Exercise: Set down without change every line from the line that contains "View of totnes" through the end of the listing, and only those lines. No pictures.
======== Data ========
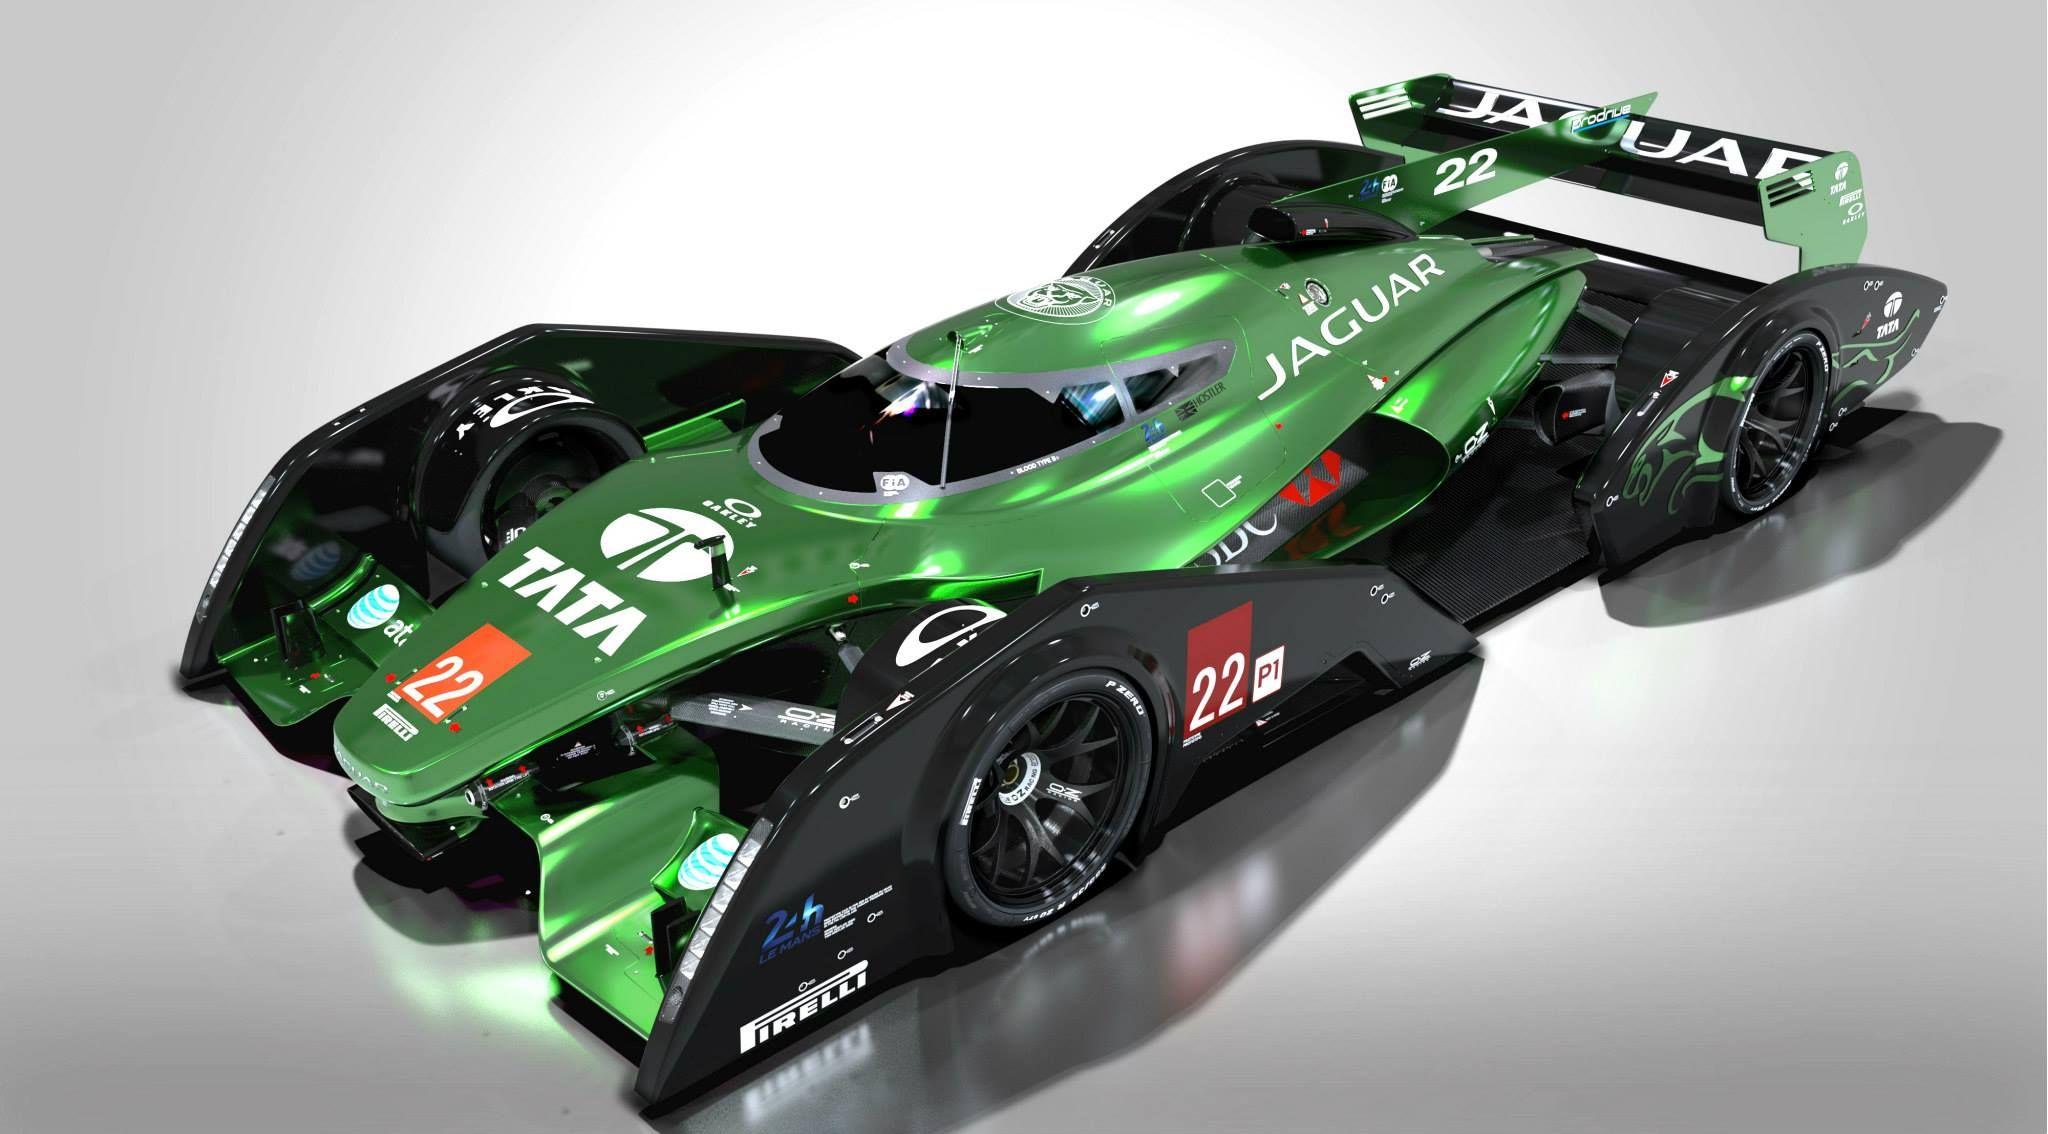 Jaguar LMP1 Concept 2015 (2048×1134) | Concept Race Cars | Pinterest | Concept cars 2015, Cars ...
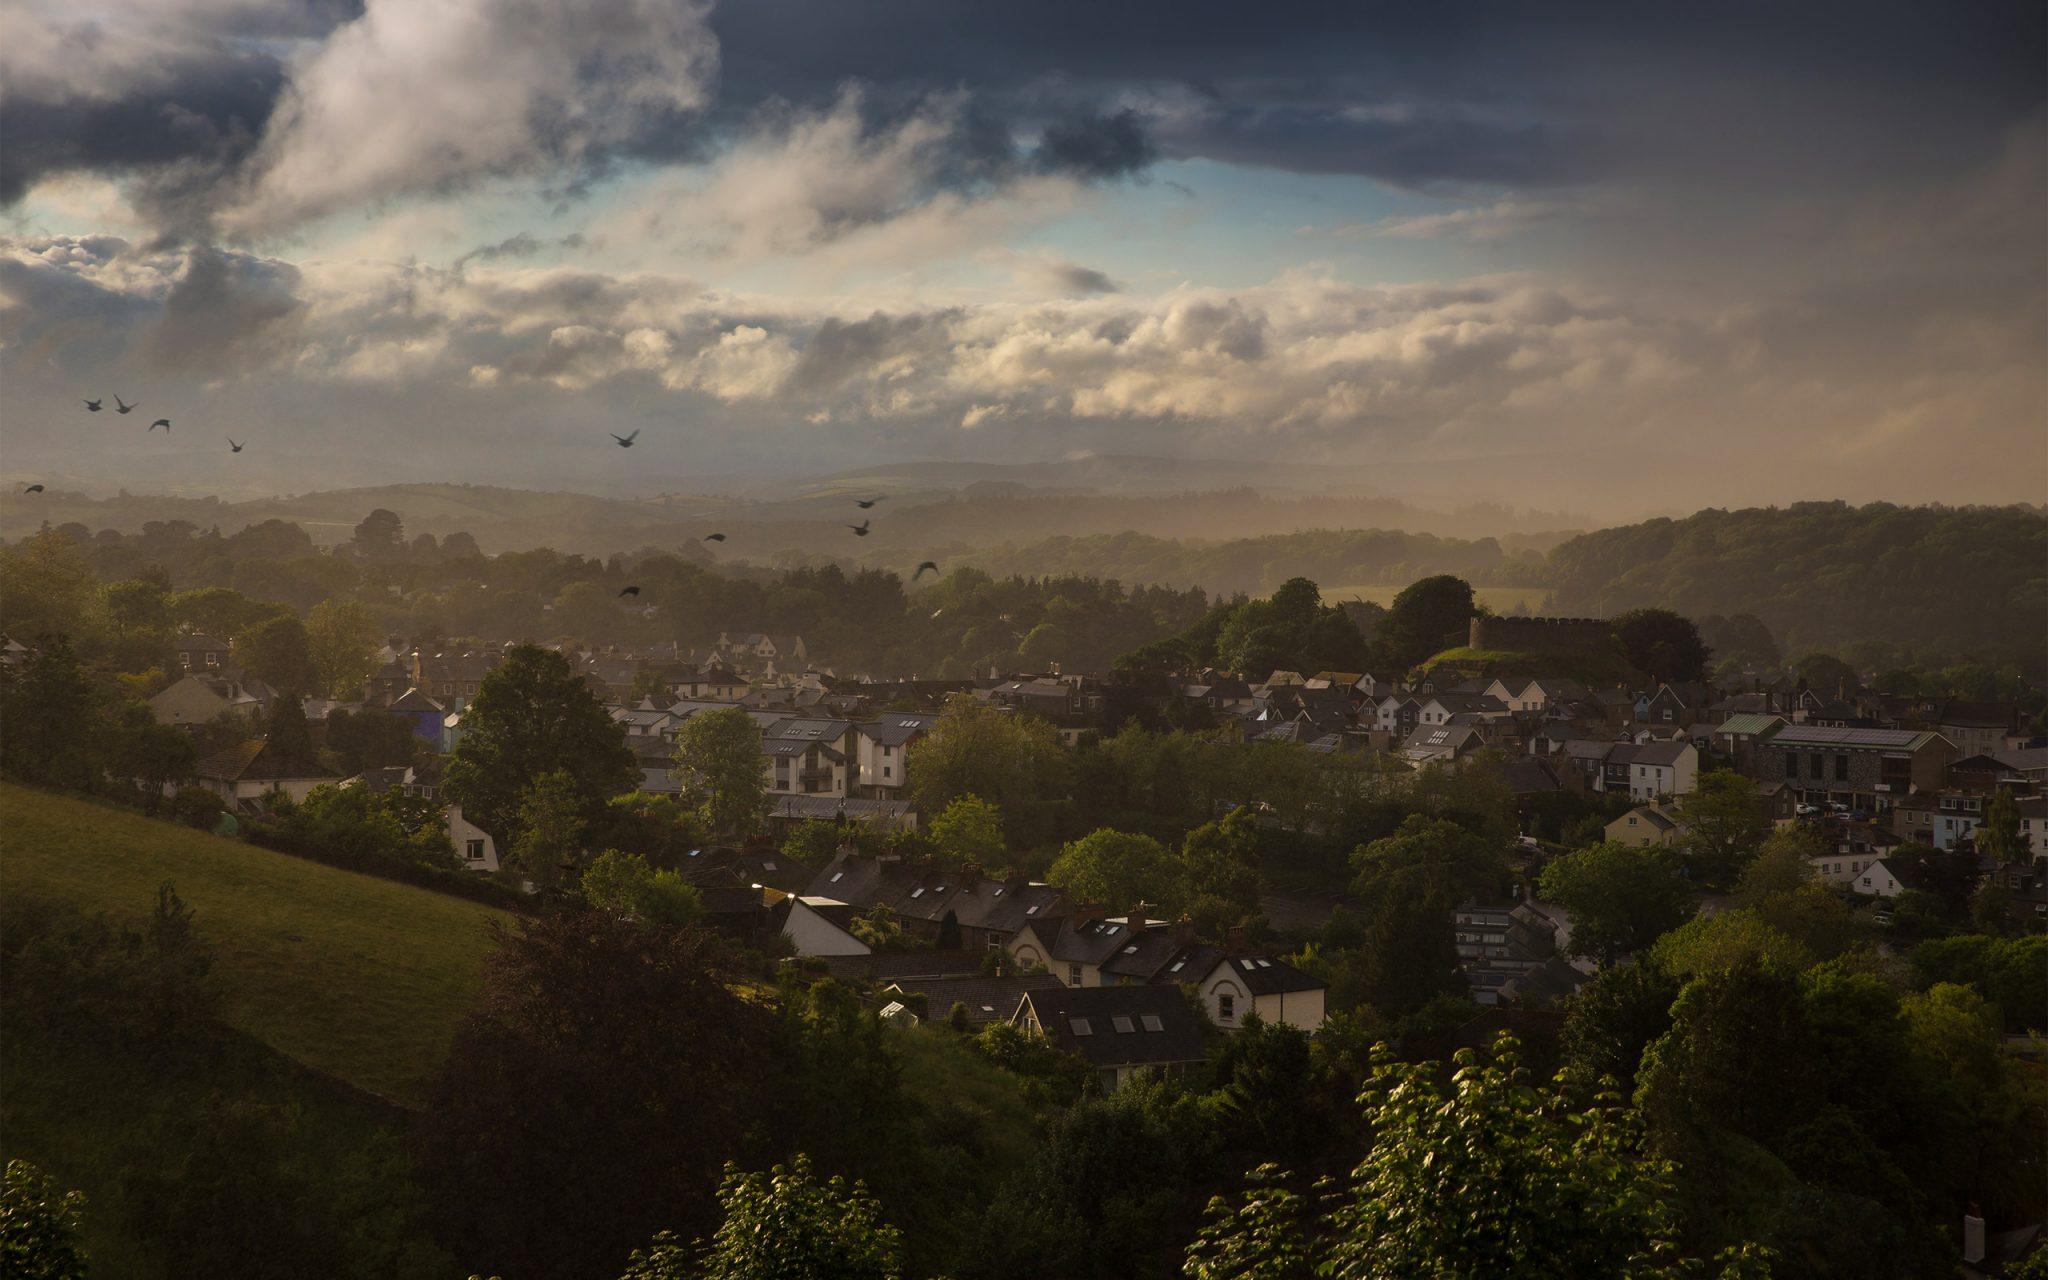 View of totnes in Devon. Sudden flash rain storm. Looking to Dartmoor, the 1000-year old Norman castle.
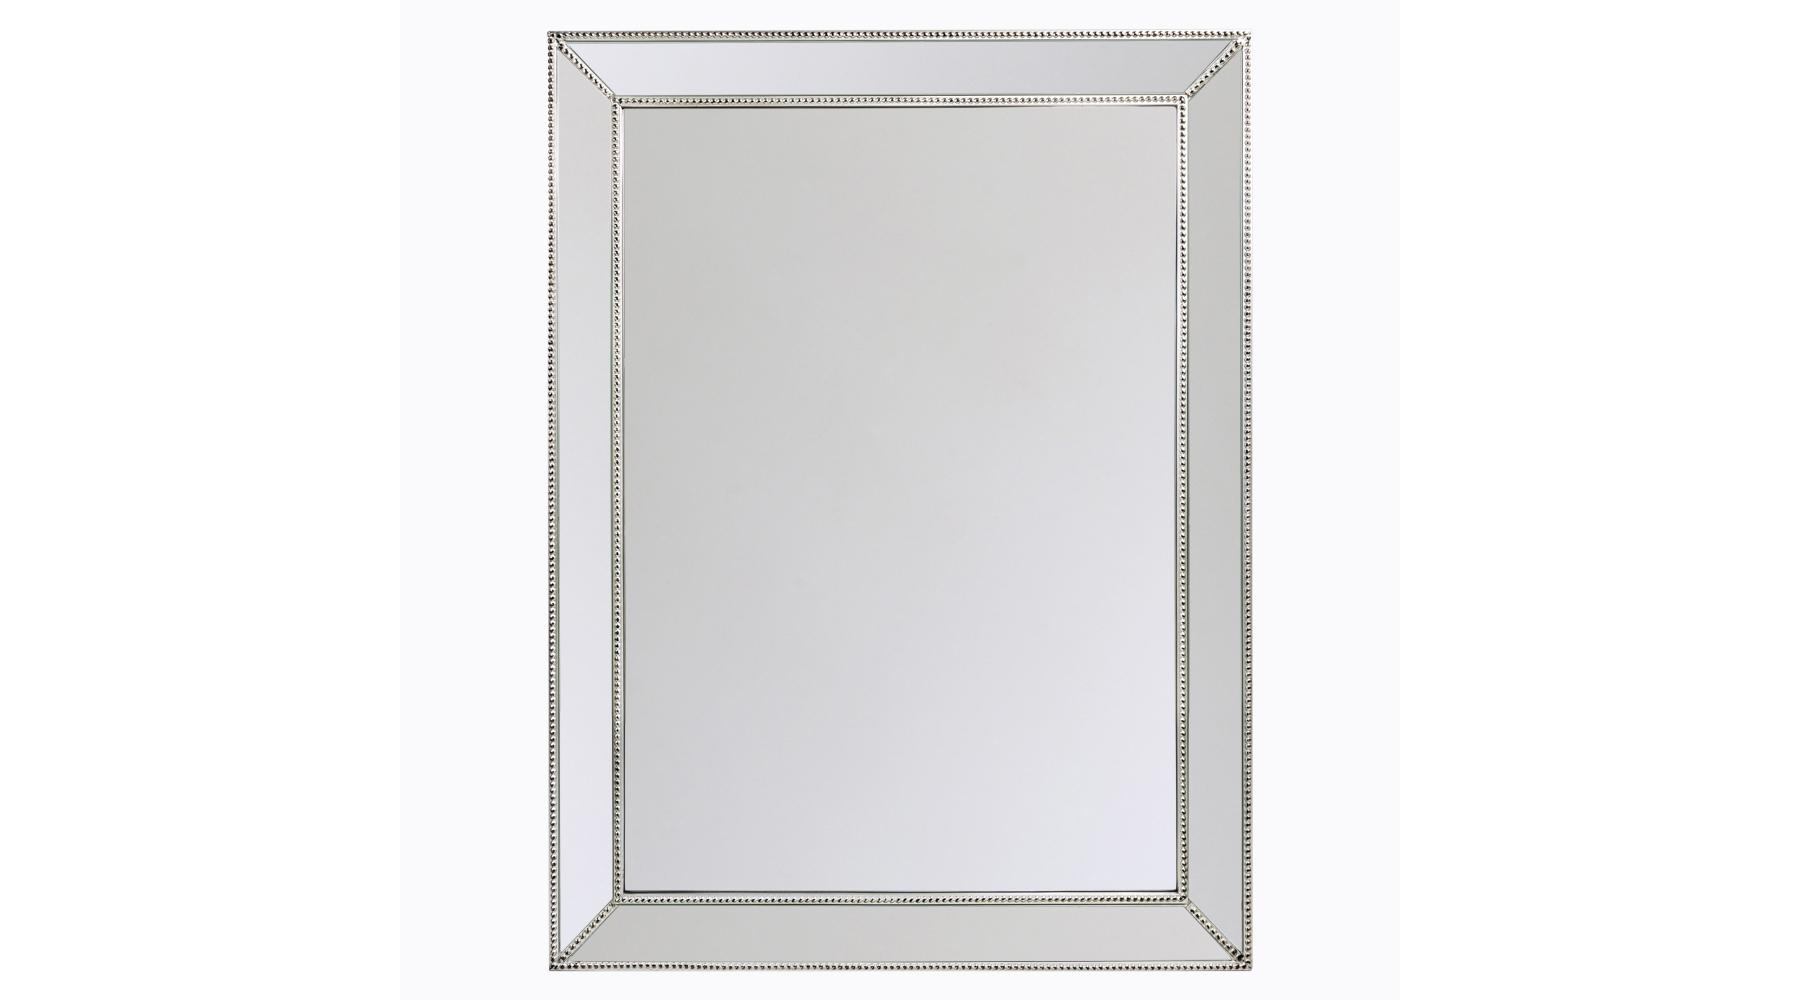 Настенное зеркало «Готье»Настенные зеркала<br>Это зеркало не так просто, как кажется! Рама из натуральной древесины покрыта серебряной амальгамой и декорирована по краям фацетом. Такие &amp;quot;зеркальные&amp;quot; обрамления были на пике популярности еще в средневековой Венеции! Толщина зеркальной поверхности составляет 5 мм, она абсолютно точно отражает объекты и предметы, не искажая их формы. Вес зеркала составляет 16,2 кг.<br><br>Material: Дерево<br>Width см: 90<br>Depth см: 4,5<br>Height см: 120
========
Expected answer:
 View of totnes in Devon. Sudden flash rain storm. Looking to Dartmoor, the 1000-year old Norman castle.
 Настенное зеркало «Готье»Настенные зеркала<br>Это зеркало не так просто, как кажется! Рама из натуральной древесины покрыта серебряной амальгамой и декорирована по краям фацетом. Такие &amp;quot;зеркальные&amp;quot; обрамления были на пике популярности еще в средневековой Венеции! Толщина зеркальной поверхности составляет 5 мм, она абсолютно точно отражает объекты и предметы, не искажая их формы. Вес зеркала составляет 16,2 кг.<br><br>Material: Дерево<br>Width см: 90<br>Depth см: 4,5<br>Height см: 120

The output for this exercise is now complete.